On July 11 Zenzele Benedict Sithole, who worked in an anti-corruption unit in the City of Johannesburg, was shot dead in the CBD, and on June 21 Matthew Horwill, a manager in a construction company, survived an attempted hit in Pinetown. It was widely assumed that the hit had been arranged by the construction mafia.
On May 26 Sandile Mtshali, an SA Municipal Workers’ Union official in Vryheid, was shot multiple times in front of his eight-year-old daughter. He survived the assassination attempt, which followed his report of fraud in the Abaqulusi Local Municipality.
In March last year Cloete and Thomas Murray, a father and son team working on several liquidation cases, were assassinated on the N1 in Gauteng. In August 2021 Babitha Deokoran, a senior accounting officers in the Gauteng health department, was assassinated outside her home in Johannesburg.
Such assassinations of professionals working against corruption are not a new development in SA. Noby Ngombane, the head of the Free State government’s policy monitoring and evaluation unit, was assassinated in Bloemfontein in 2005. Andile Matshaya, an auditor for the KwaZulu-Natal provincial government was assassinated in Pietermaritzburg in 2012.
Lawrence Moepi, a forensic auditor doing work for the public protector’s office, was assassinated in Johannesburg in 2013. In the same year Moses Tshake, an auditor with the Free State provincial government, was assassinated in Bloemfontein.
However, attacks on senior people in business are a more recent development. The attempted hit on Horwill showed that the assassination of Nico Swart, a senior manager at Richards Bay Minerals, in 2021 was a sign of things to come.
Political overtones
Many grassroots activists have been assassinated after getting in the way of the enrichment of local political gangsters, including anti-mining activists Sikhosiphi “Bazooka” Rhadebe in Mbhizana in 2013, and Fikile Ntshangase in the village of Phondweni in northern KwaZulu-Natal in 2020.
Shack-dwellers’ organisation Abahlali baseMjondolo has suffered a staggering number of assassinations since 2013. It was hit hardest in 2022 when it lost three leaders to assassination and a fourth to a killing by a masked police officer.
However, the bulk of the political killings have been driven by contestation over positions, power and opportunities for enrichment within the ANC, and to a lesser extent between a set of political parties including the ANC, IFP and NFP. That is where the long-standing capacity for assassination within the taxi business metastasised into politics, and then beyond.
We don’t know how many people have been assassinated in the 30 years since the advent of democracy.A 2013 paper concluded there had been about 450 political killings in KwaZulu-Natal alone since 1994. A report published in 2022 recorded 418 political hits across the country between 2000 and 2021 and 1,971 assassinations in total. A more recent report counted 31 political assassinations last year, and a further 10 were recorded in the first four months of this year.

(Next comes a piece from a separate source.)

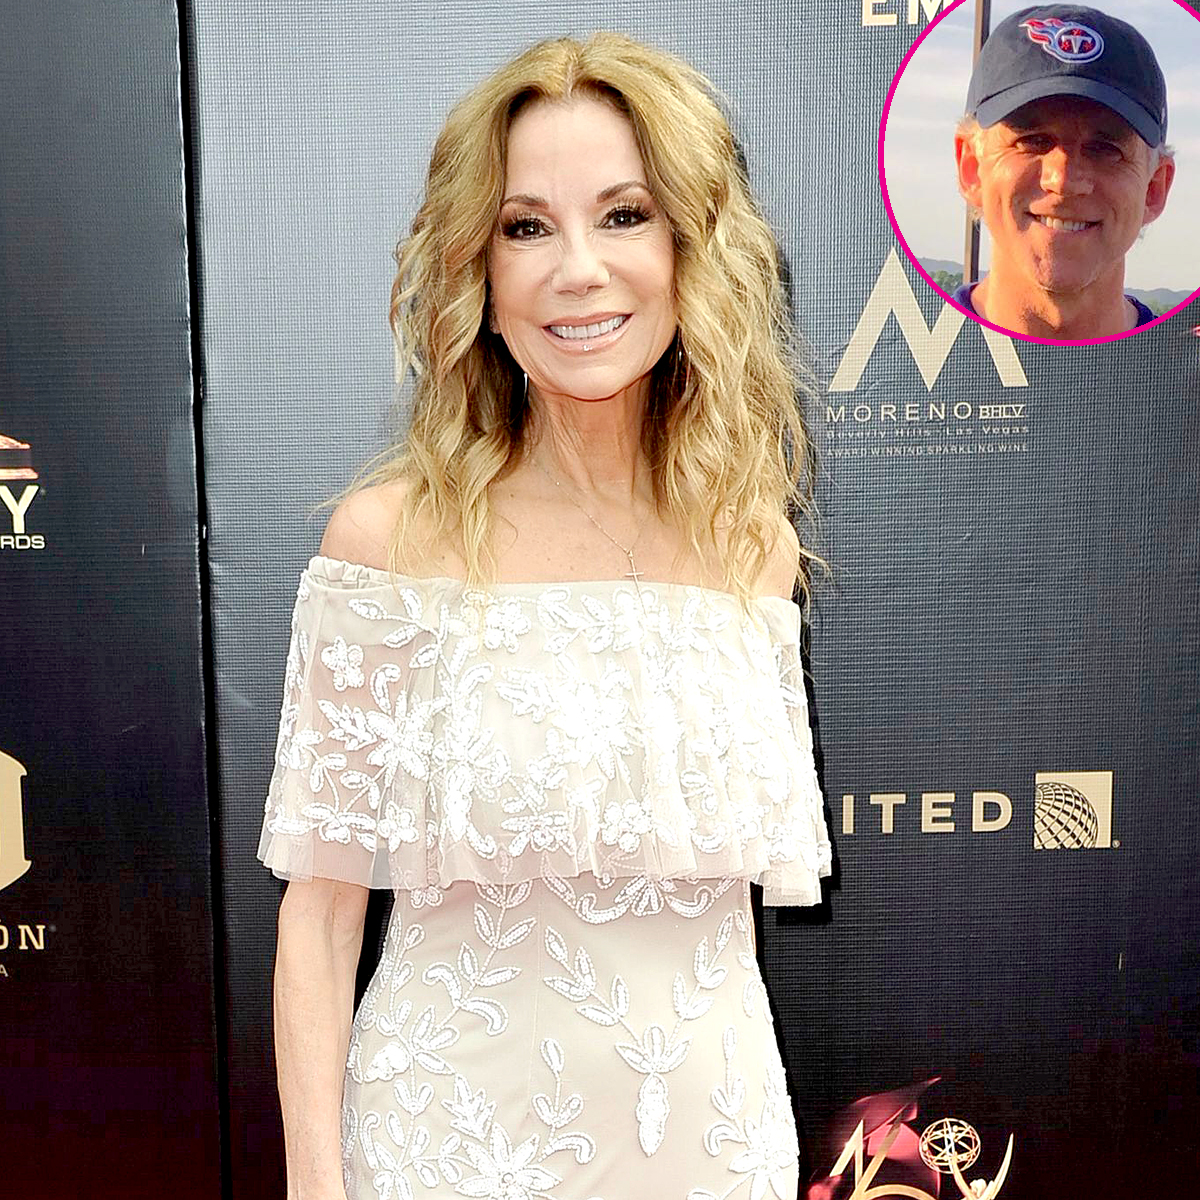 Kathie Lee Gifford S Rumored New Boyfriend Identified As Randy Cronk

These studies are all useful, but none, as their authors generally note, is definitive. Most studies largely depend on media and police reports, and neither the media nor the police report every assassination. Both frequently operate with an implicit hierarchy in the value accorded to people’s lives, which is structured by race, class and spatial location. The killing of a humble black person in a rural village or urban shack settlement is far less likely to attract serious attention than the killing of a white professional in the zones of privilege, unless the former is linked to an organisation that has the capacity to engage the media.
Police collusion
The police are often integrated into predatory networks at the intersection between politics and predation off the state in the name of “business”. At the local level police officers often openly take instruction from ward councillors and their committees, including instruction on how to record killings and who to arrest and who not to arrest.
It is not uncommon for the police to fail to act against assassins and the people they are working for even when there is clear evidence of criminal conduct. They have refused to open cases, take statements or accept evidence, including in one case video footage of assassins.

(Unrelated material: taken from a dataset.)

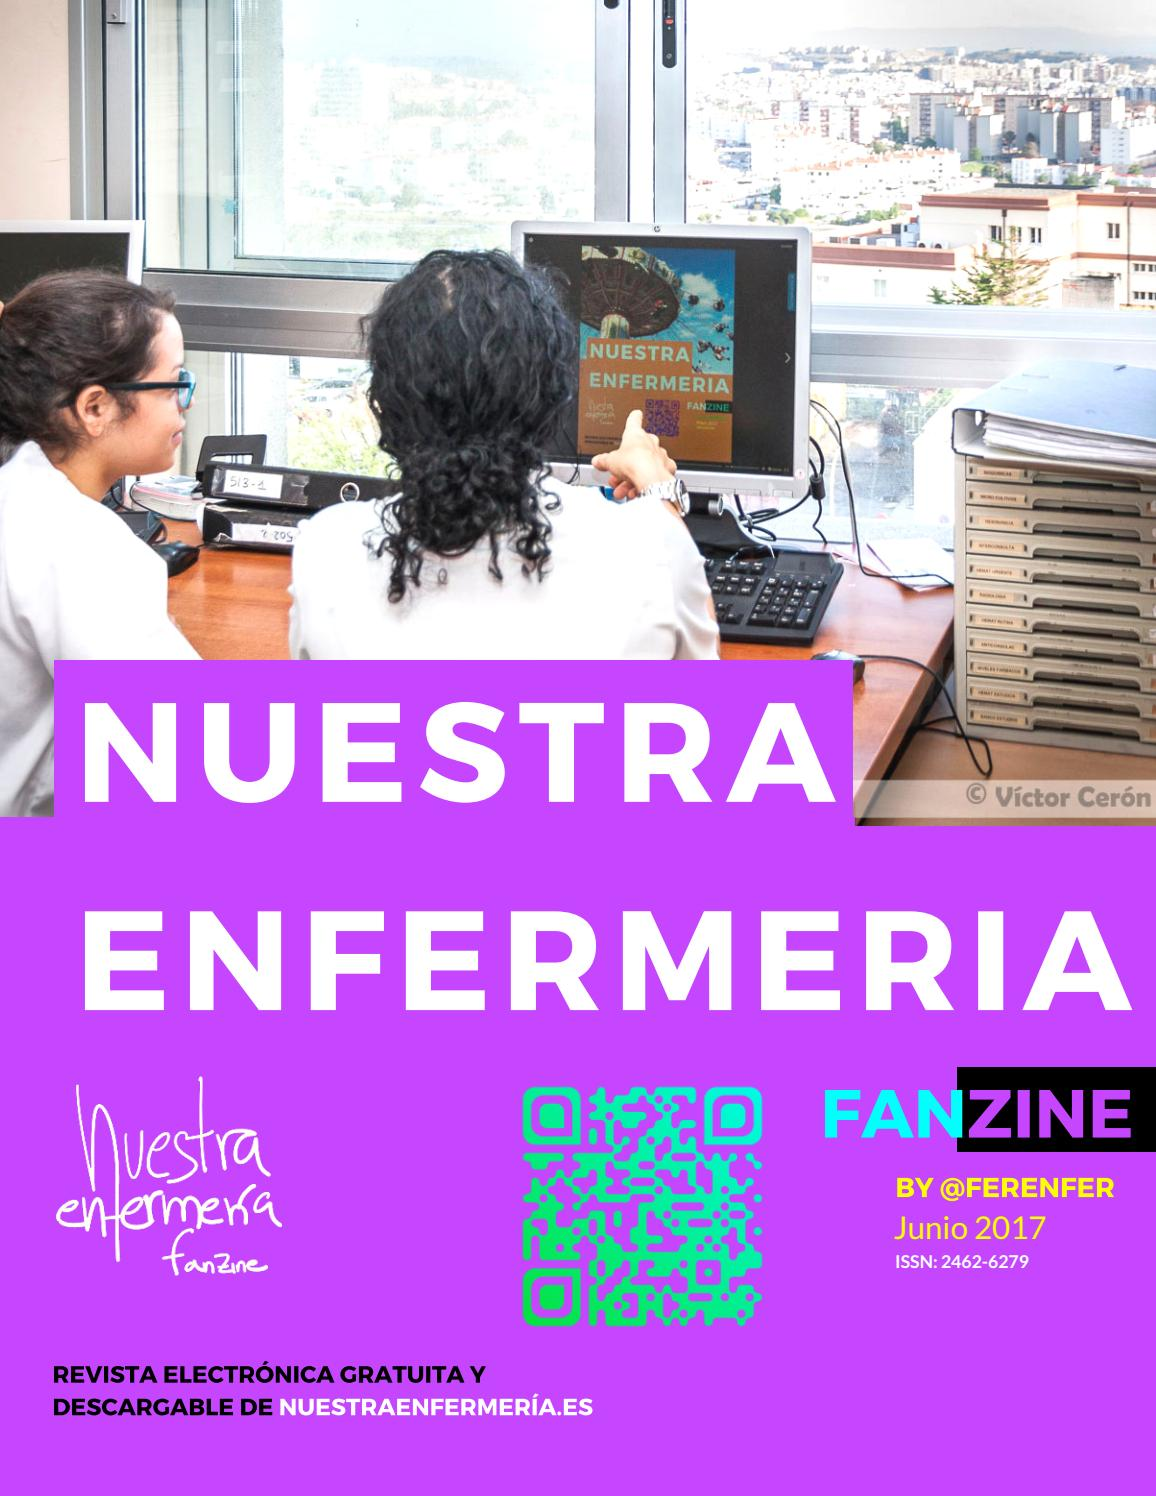 Fanzine Enfermería junio 2017 by Nuestra Enfermería Fanzine - issuu

It is common for the police to dismiss what are plainly political assassinations as “ordinary crime”. This is not uniform. There are brave police officers who act with integrity and there have been convictions for assassinations. For example, in 2016 two ANC councillors were convicted for the 2014 assassination of Abahlali baseMjondolo leader Thuli Ndlovu in Durban.
There are also cases in which the media has done well to expose reckless speech by powerful politicians within the zones of exclusion. In 2013 the Sunday Tribune reported that it had a recording of a speech Sibongeseni Dhlomo, now the deputy minister of health, gave in Cato Manor, Durban, in which he said Abahlali baseMjondolo leader Nkulukelo Gwala must leave the area. Dhlomo was quoted, in translation, as saying: “If anyone sees him today, please tell him to scrub his heels, because he is leaving (this area) today... He must go. He is not wanted here”.

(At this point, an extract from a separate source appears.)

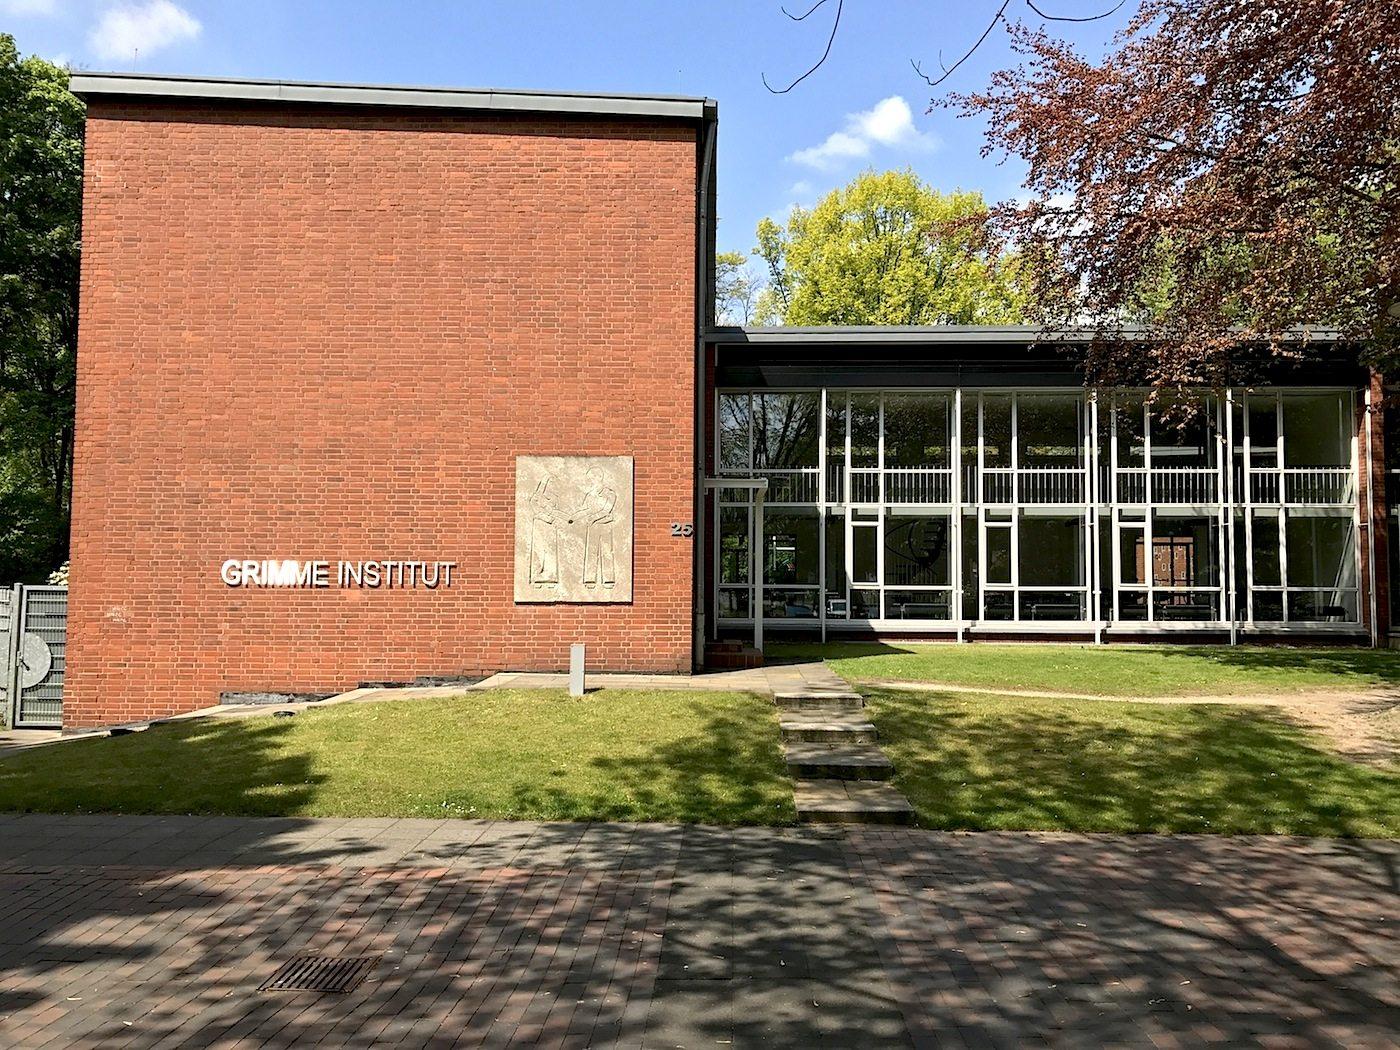 Grimme-Institut. ... gleichzeitig die modernste Volkshochschule der Bundesrepublik Deutschland.

Gwala was assassinated a few hours after Dhlomo’s speech, which many people understood as having authorising the assassination. Correlation does not confirm causation, but it cannot be doubted that Dhlomo’s statement was brazenly undemocratic and, at a minimum, culpably reckless. The media did well to expose it. It has done less well in remembering it.
Unlike in countries such as Mexico, Russia and India, journalists are not yet being targeted. but if the problem isn’t dealt with it is inevitable that will change. The same is true for senior politicians and NGO leaders, as well as academics and anyone who gets in the way of a violent and predatory counter-elite in the making.
The long-standing implicit tolerance by elites for the assassination of impoverished and working-class black people in the zones of exclusion has allowed the problem to fester to the point where it now reaches into the zones of privilege, targeting anyone, anywhere. If a lawyer or auditor can be assassinated there is no reason the same cannot happen to a senior politician attempting to hold the line against “business forums”, or a journalist reporting on tender fraud.
Political will
The crisis of assassinations can be resolved if sufficient political will can be generated, sustained and organised into decisive and effective action. That was impossible while Jacob Zuma held the presidency, given how closely the networks responsible for many of the assassinations were integrated into his wider predatory political project, and how much control that project exerted over the police and intelligence.
Yet Cyril Ramaphosa’s ascension to the presidency did not result in any meaningful moves to stop the assassinations. He did not act to implement the recommendations of the Moerane commission into political killings in KwaZulu-Natal, for instance.
Ramaphosa has never used his office to generate any sense of crisis and urgency around this issue. In most instances he has remained silent when there have been assassinations. He has generally not even bothered to undertake simple but meaningful symbolic gestures such as visiting bereaved families and going to funerals.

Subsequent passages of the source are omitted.